Champiels, village. La seigneurie de Champiels appartenait, en 1404, à André de Clavières; il la donna à sa fille Guyotte, lors de son mariage avec Amaury de Ribier, seigneur de Lavaur. Elle fut cédée en 1519, avec celle de Pougeade et autres lieux, à Antoine Ternat, prêtre de Mauriac; fut rachetée en 1524, et, suivant désormais le sort de la terre de Lavaur, passa dans la maison de Laronade.

Elbeis, hameau.

Les Martres, village. Ce village, qui doit sans doute son nom à quelque événement tragique remontant à l'époque de l'établissement du christianisme dans les montagnes, est fort ancien, et on trouve dans ses environs, particulièrement dans une terre dite des Garennes, une grande quantité de briques gallo-romaines. On y voyait au XVI° siècle un château qui portait le nom de Malfarras.

Meyssac. Il appartenait à une famille de Lafon, qui l'habitait en 1768; il passa ensuite, par voie d'alliance, dans celle de Bardet-de-Burc.

Nesbouillères, village.
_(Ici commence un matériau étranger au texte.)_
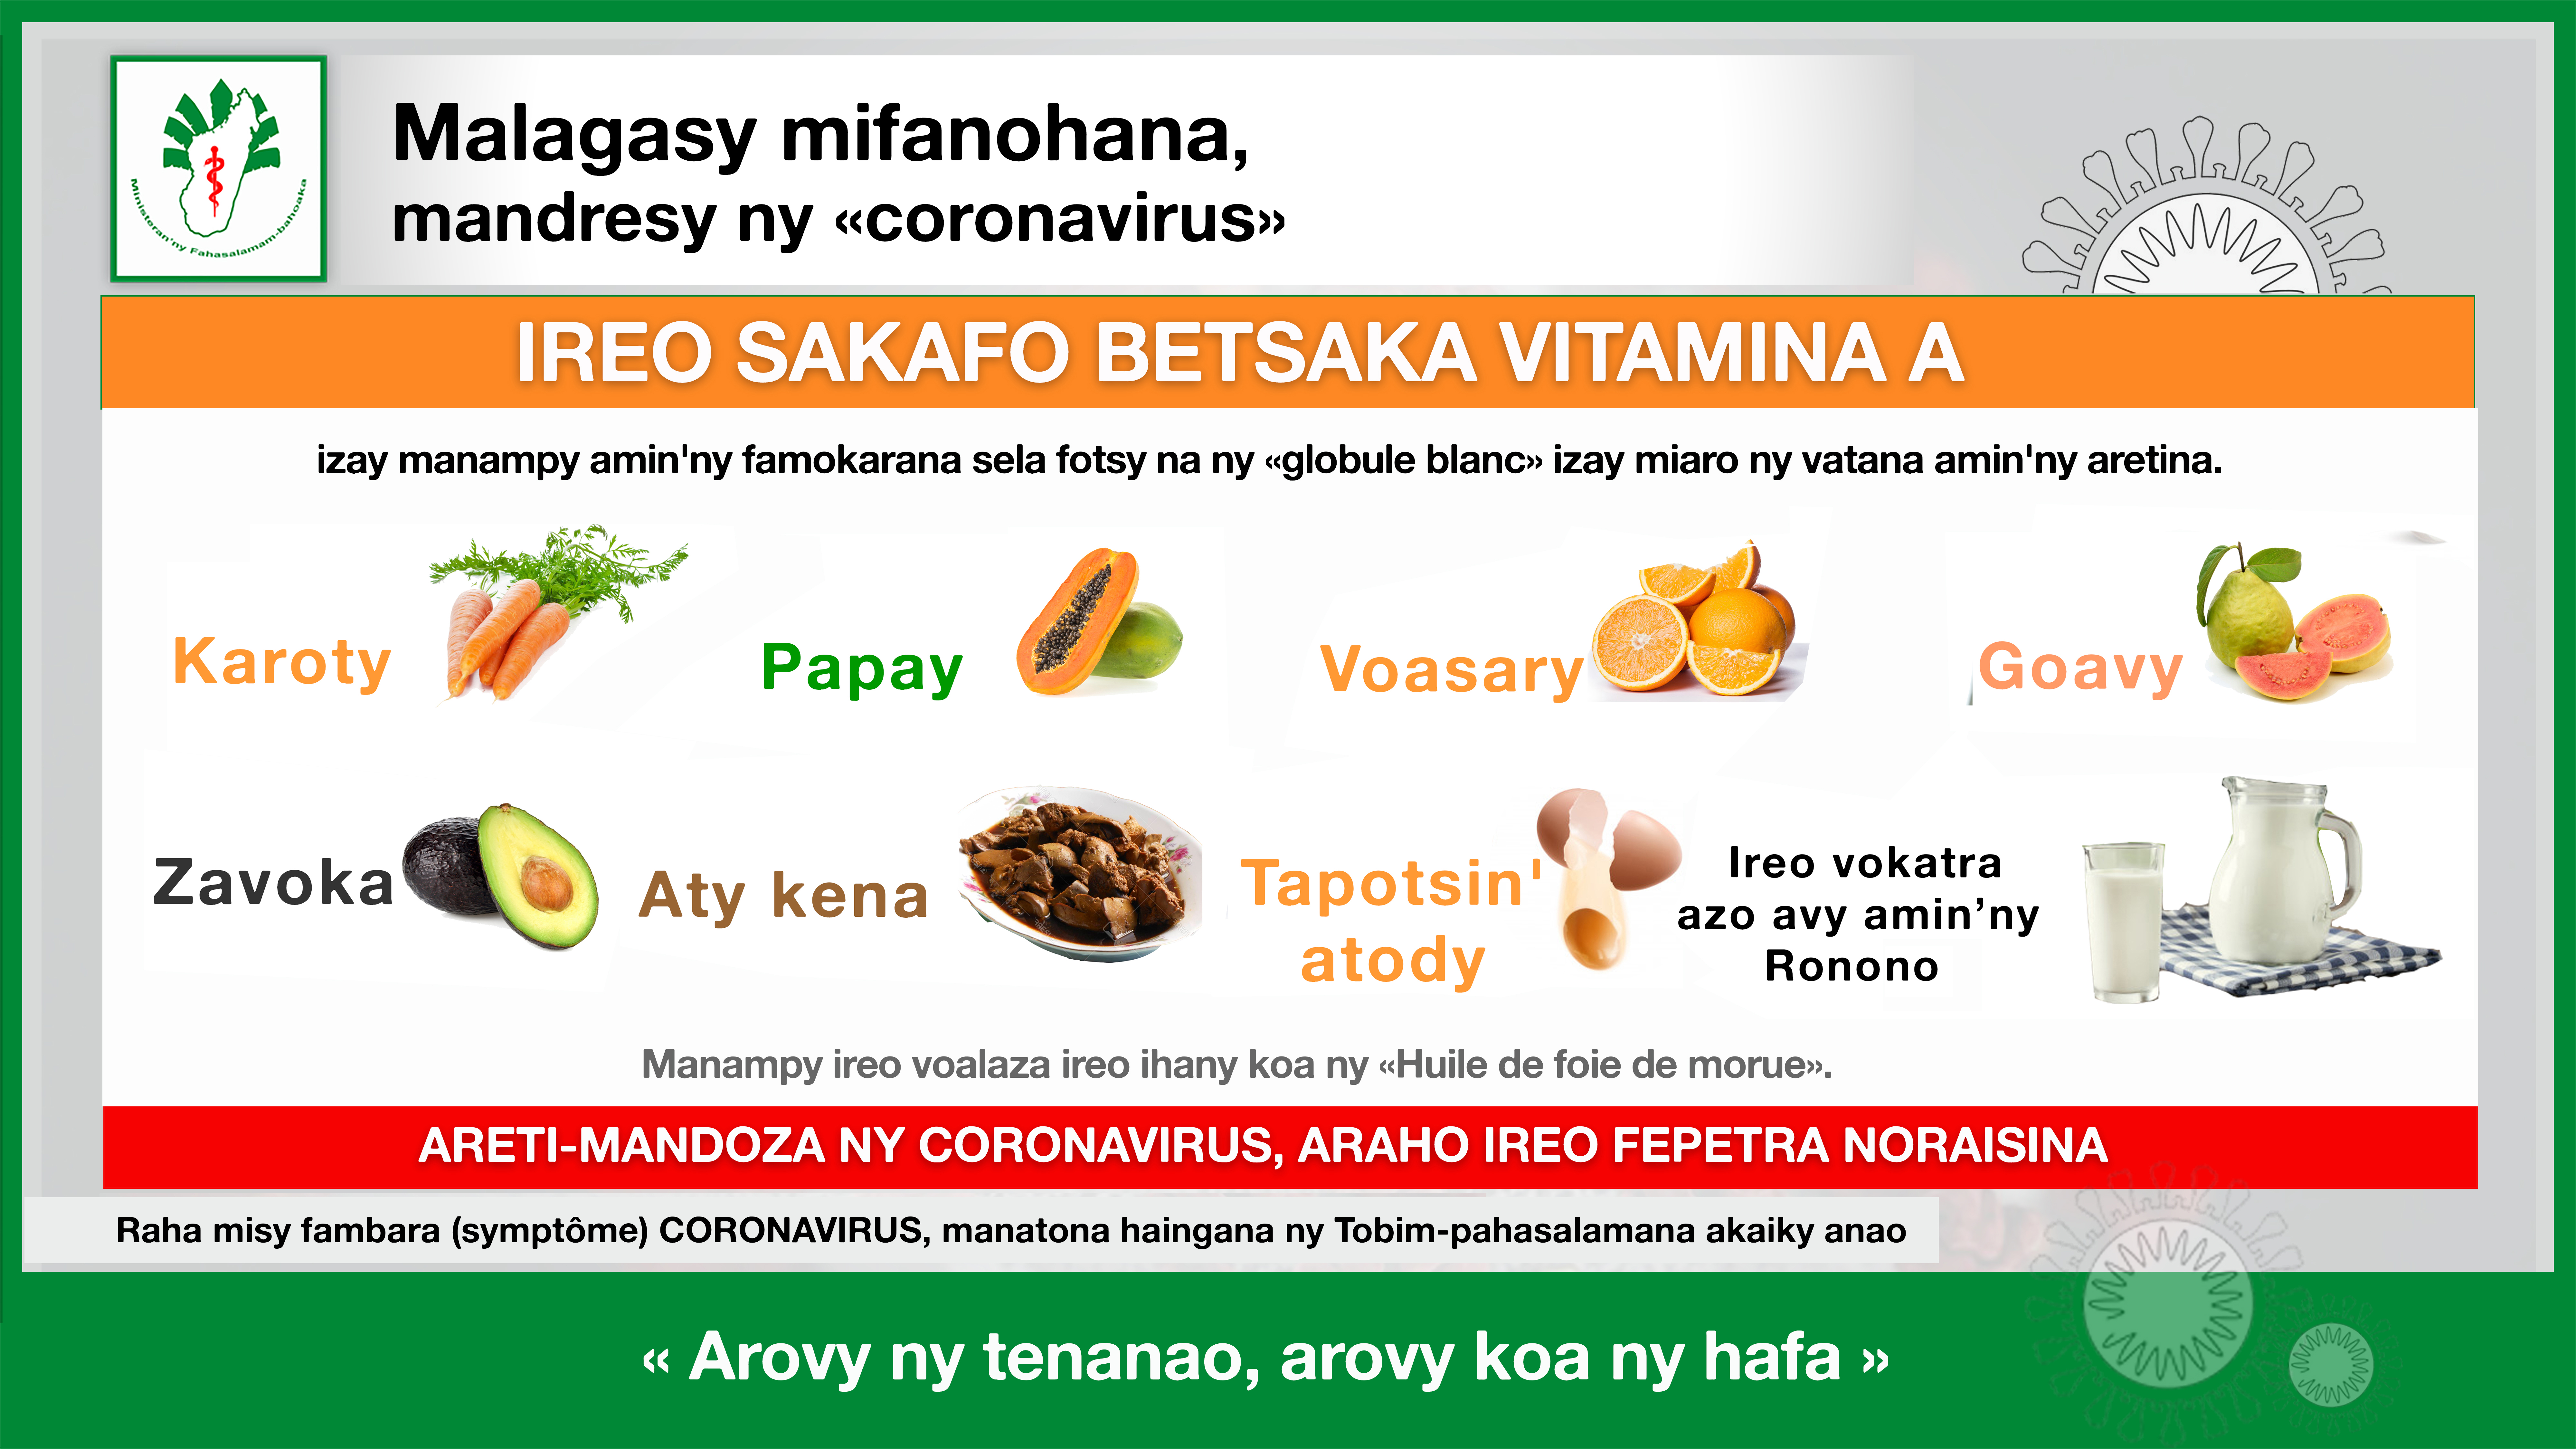 Ireo sakafo betsaka Vitamina A izay manampy amin’ny famokarana sela fotsy (Globule blanc) izay miaro ny vatana amin’ny aretina

On remarque à Nesbouillères, près de la maison Parlange, un souterrain qui mérite de fixer l'attention des archéologues.

Le Moulin-du-Puech, hameau.

Le Puech-Bas, hameau.

Le Puech-Haut, hameau.

Il a existé un autre village dans cette commune qui était situé à peu de distance de celui des Martres; il était encore habité en 1423 et portait le nom de Bourg-de-Pougeade , ce qui permet de supposer qu'il possédait une église et qu'il était chef-lieu de paroisse; il n'en reste plus que quelques traces insignifiantes.